■ **What the task requires**:
Pictures are to be dropped. Everything else in the listing gets copied exactly.
[Opening Data block section]
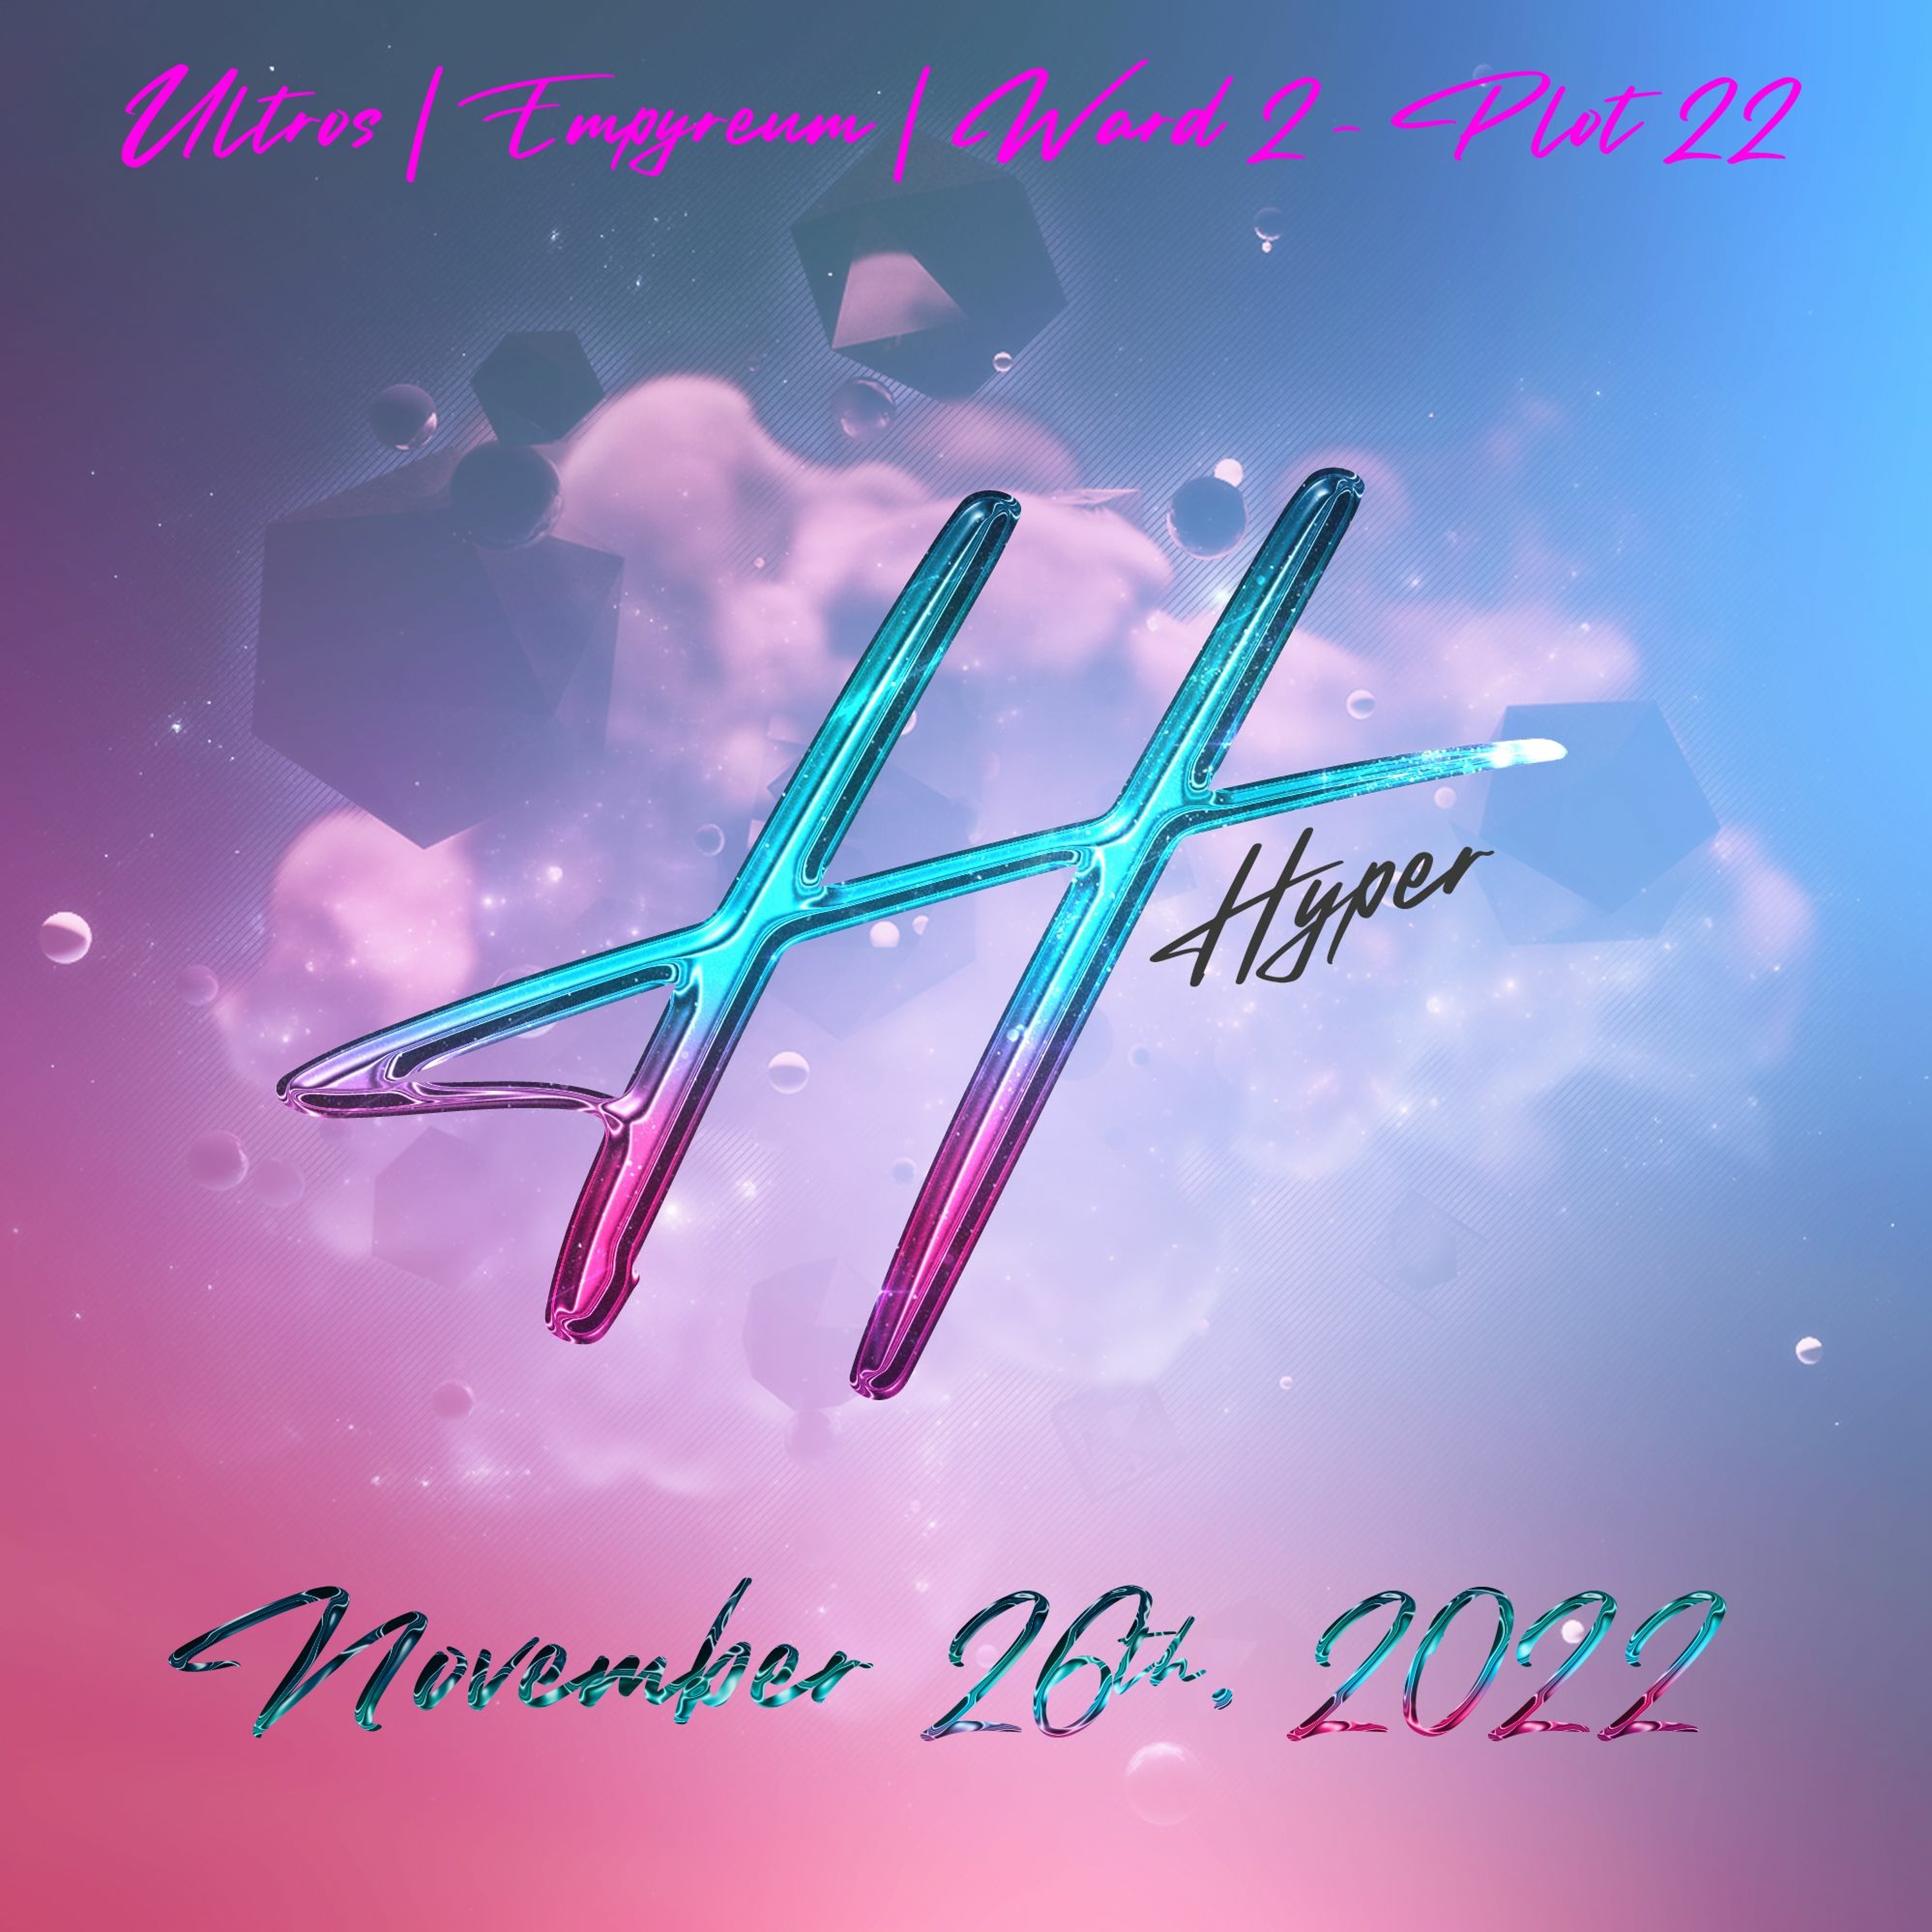 Live @ HyPeR - November 26th, 2022
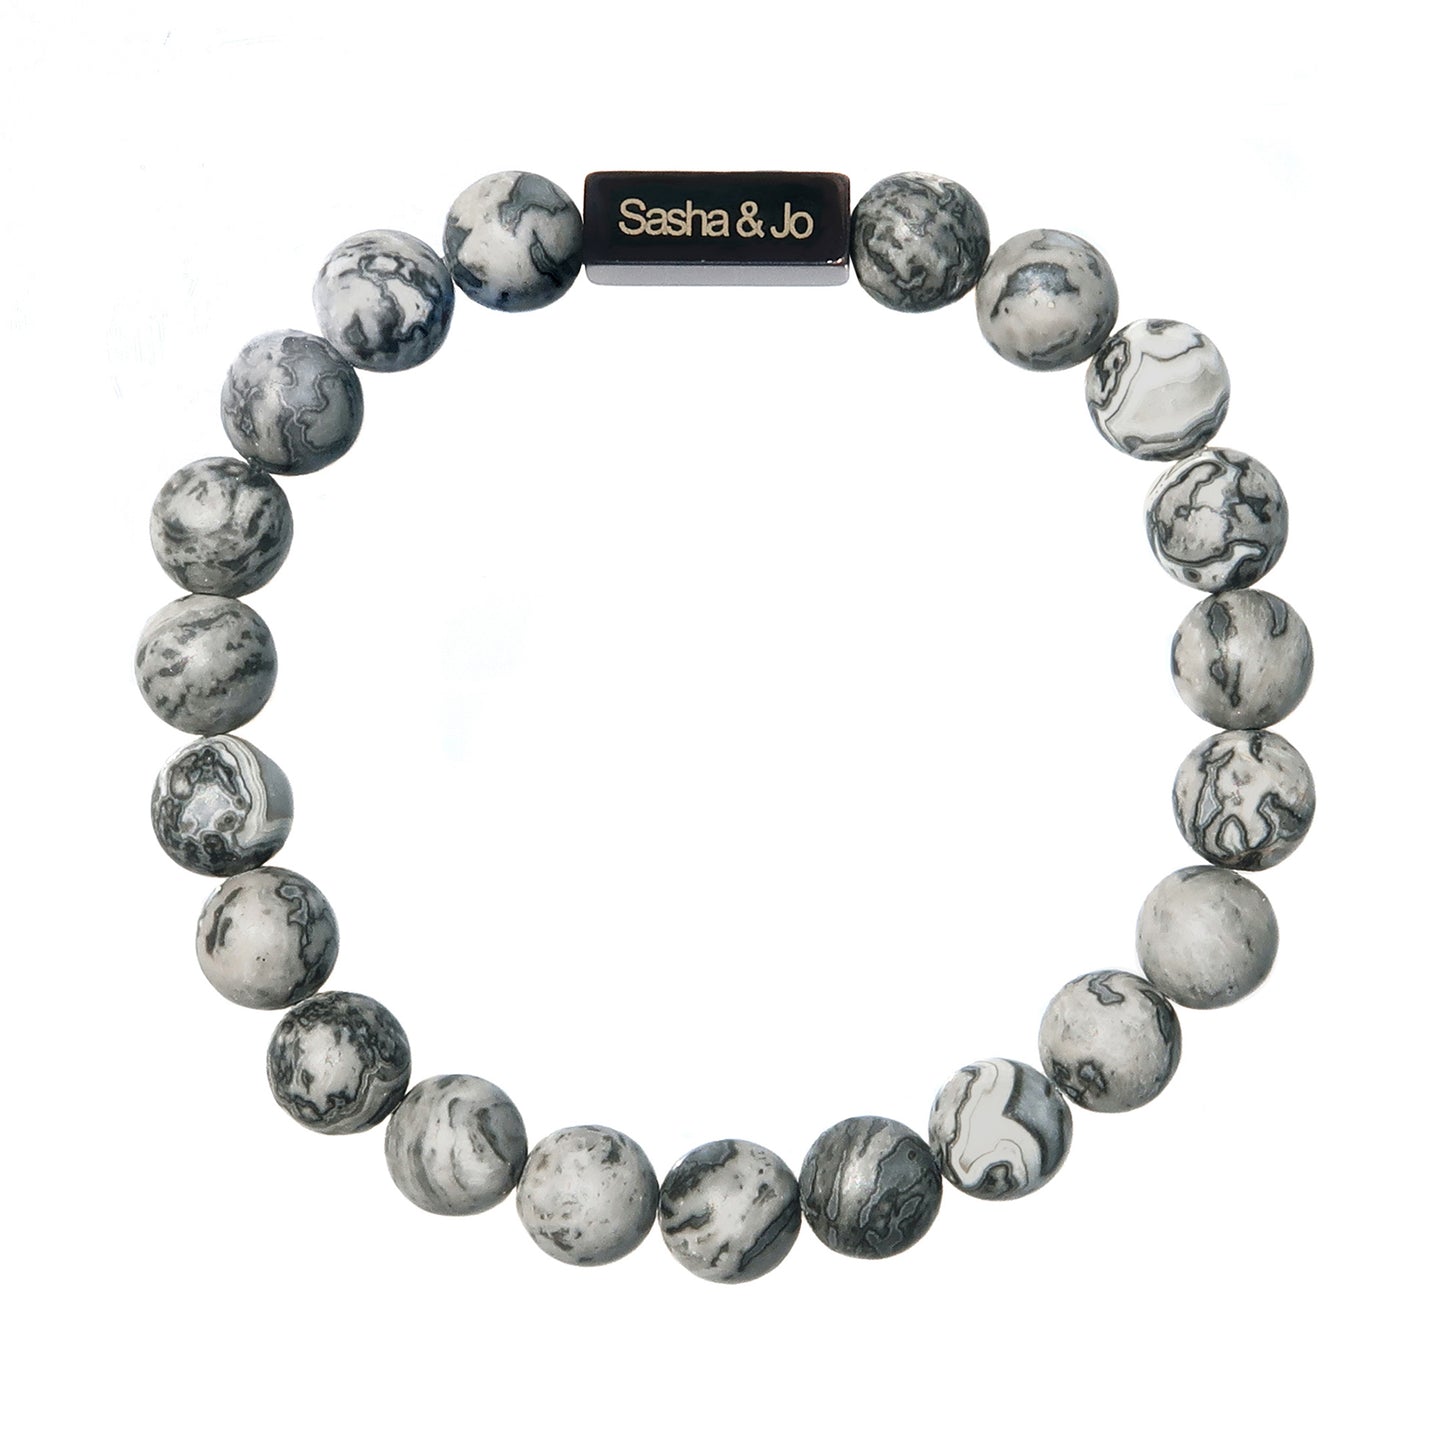 Sasha & Jo jasper grey Picasso beads bracelet
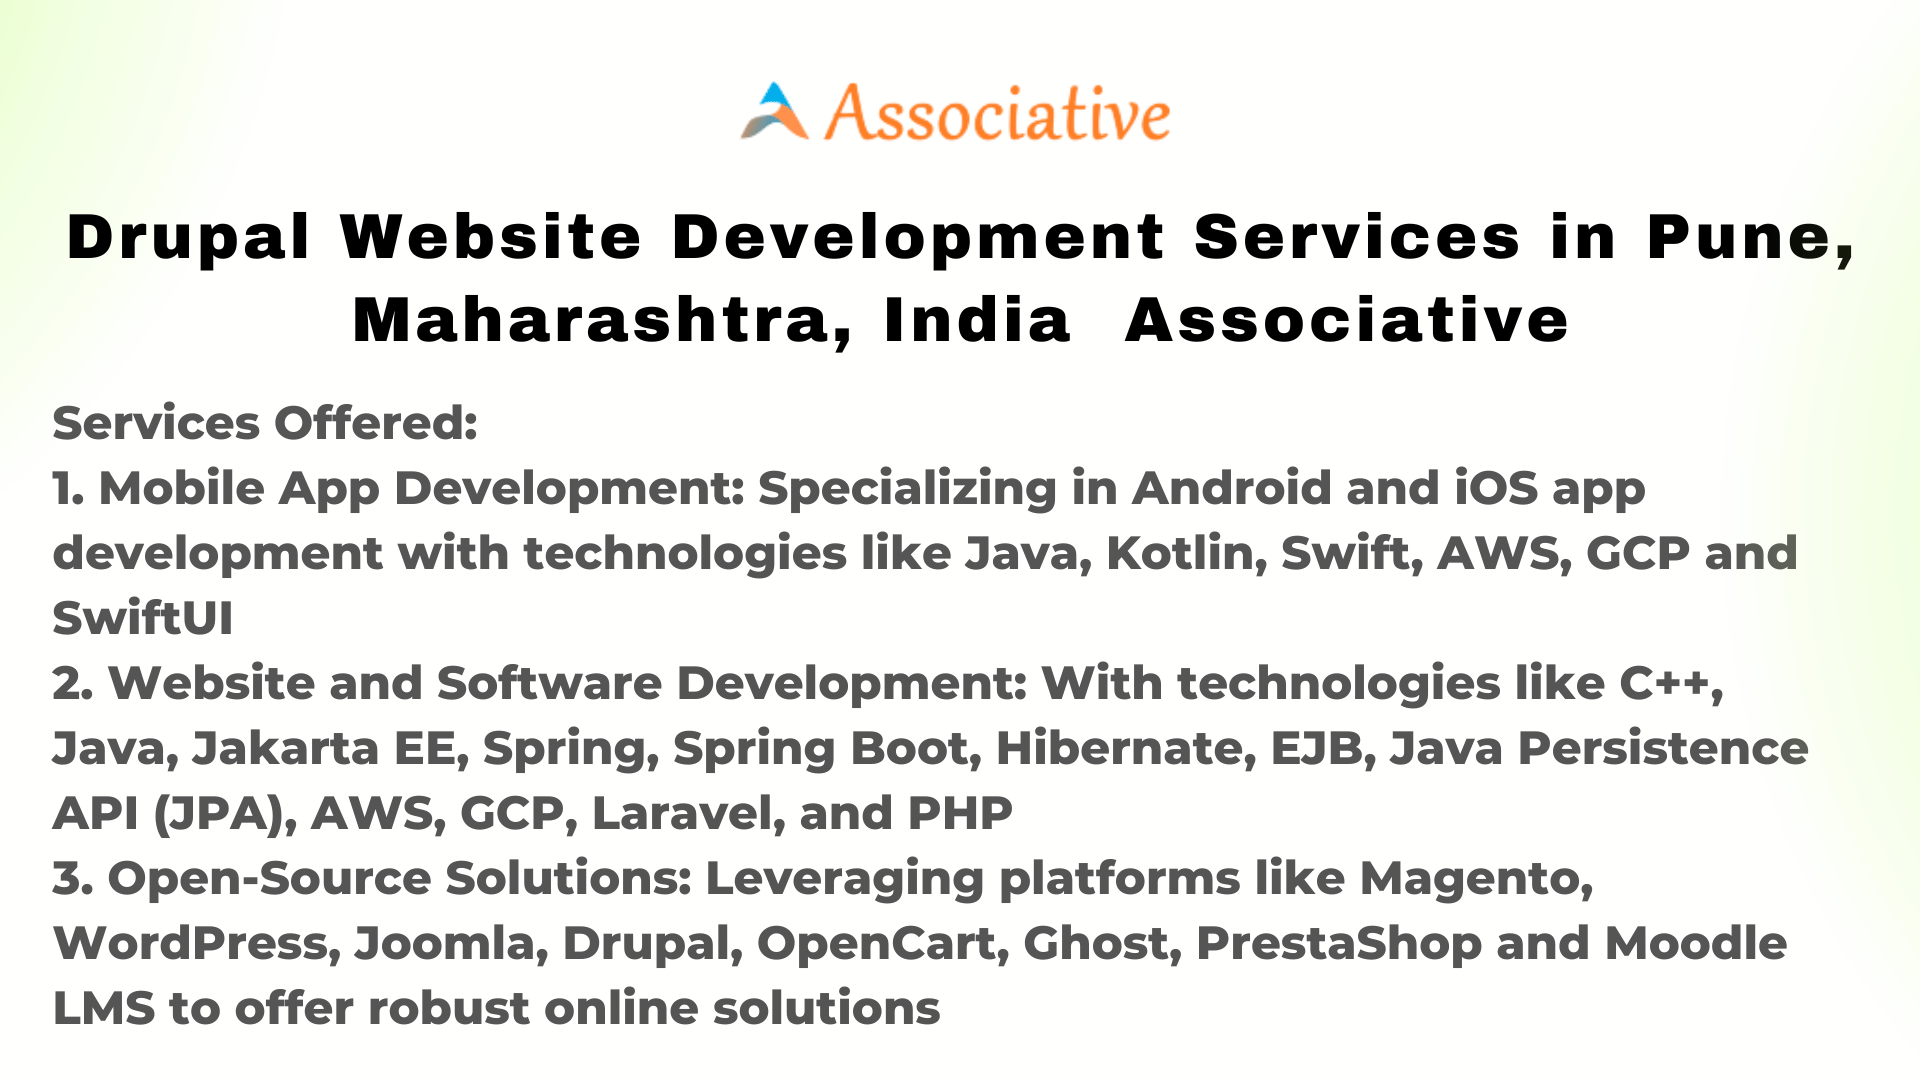 Drupal Website Development Services in Pune, Maharashtra, India Associative
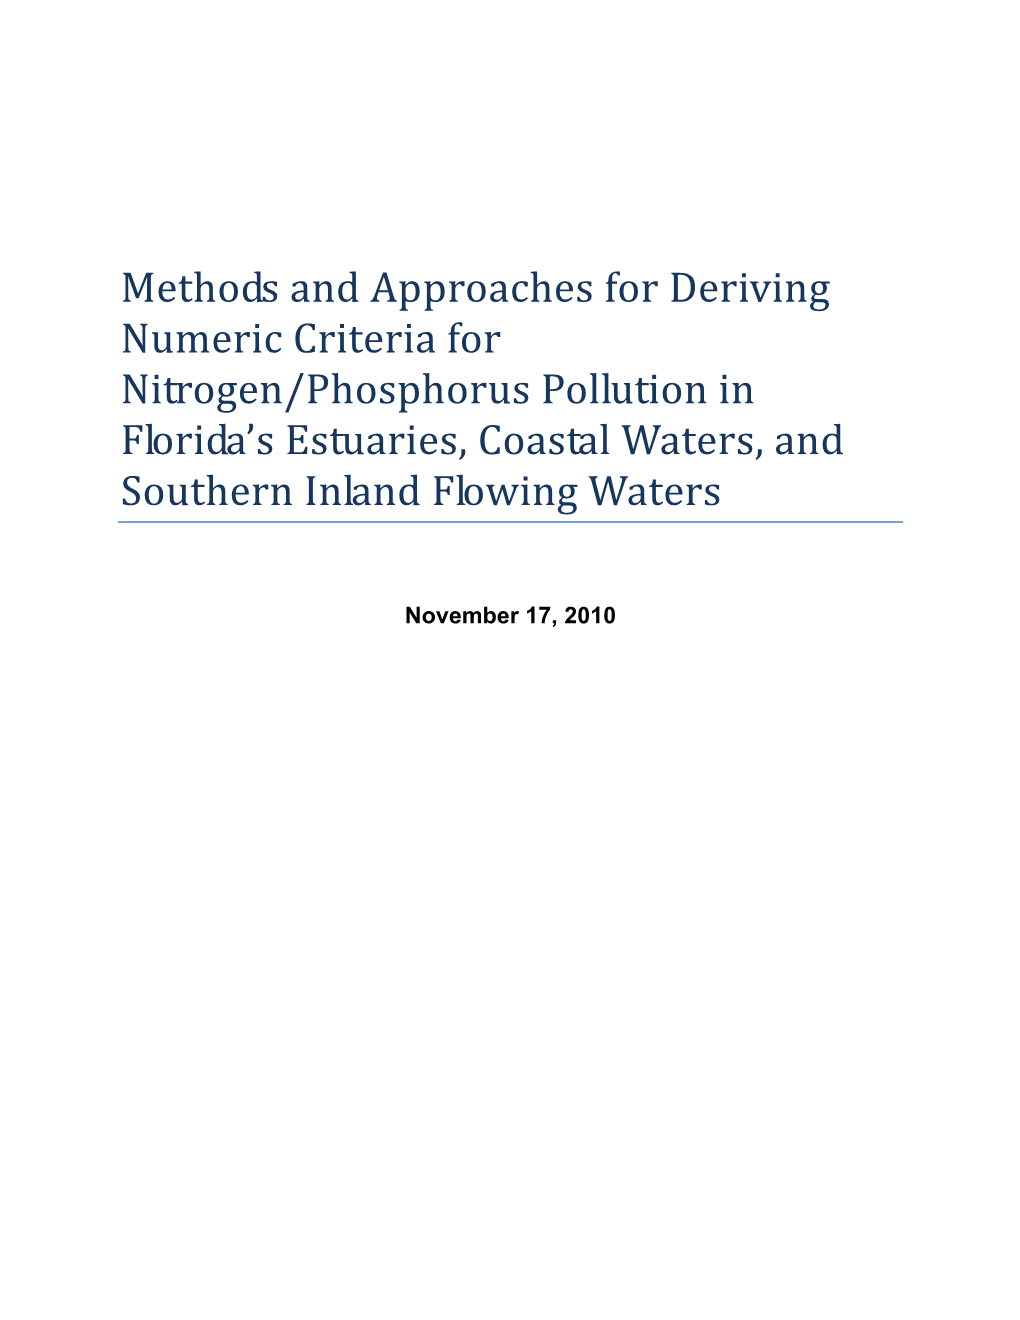 Methods and Approaches for Deriving Numeric Criteria for Nitrogen/Phosphorus Pollution in Florida's Estuaries
[Closing Data block section]
■ **Result of this task**:
 Live @ HyPeR - November 26th, 2022
 Sasha & Jo jasper grey Picasso beads bracelet
 Drupal Website Development Services in Pune, Maharashtra, India Associative
 Methods and Approaches for Deriving Numeric Criteria for Nitrogen/Phosphorus Pollution in Florida's Estuaries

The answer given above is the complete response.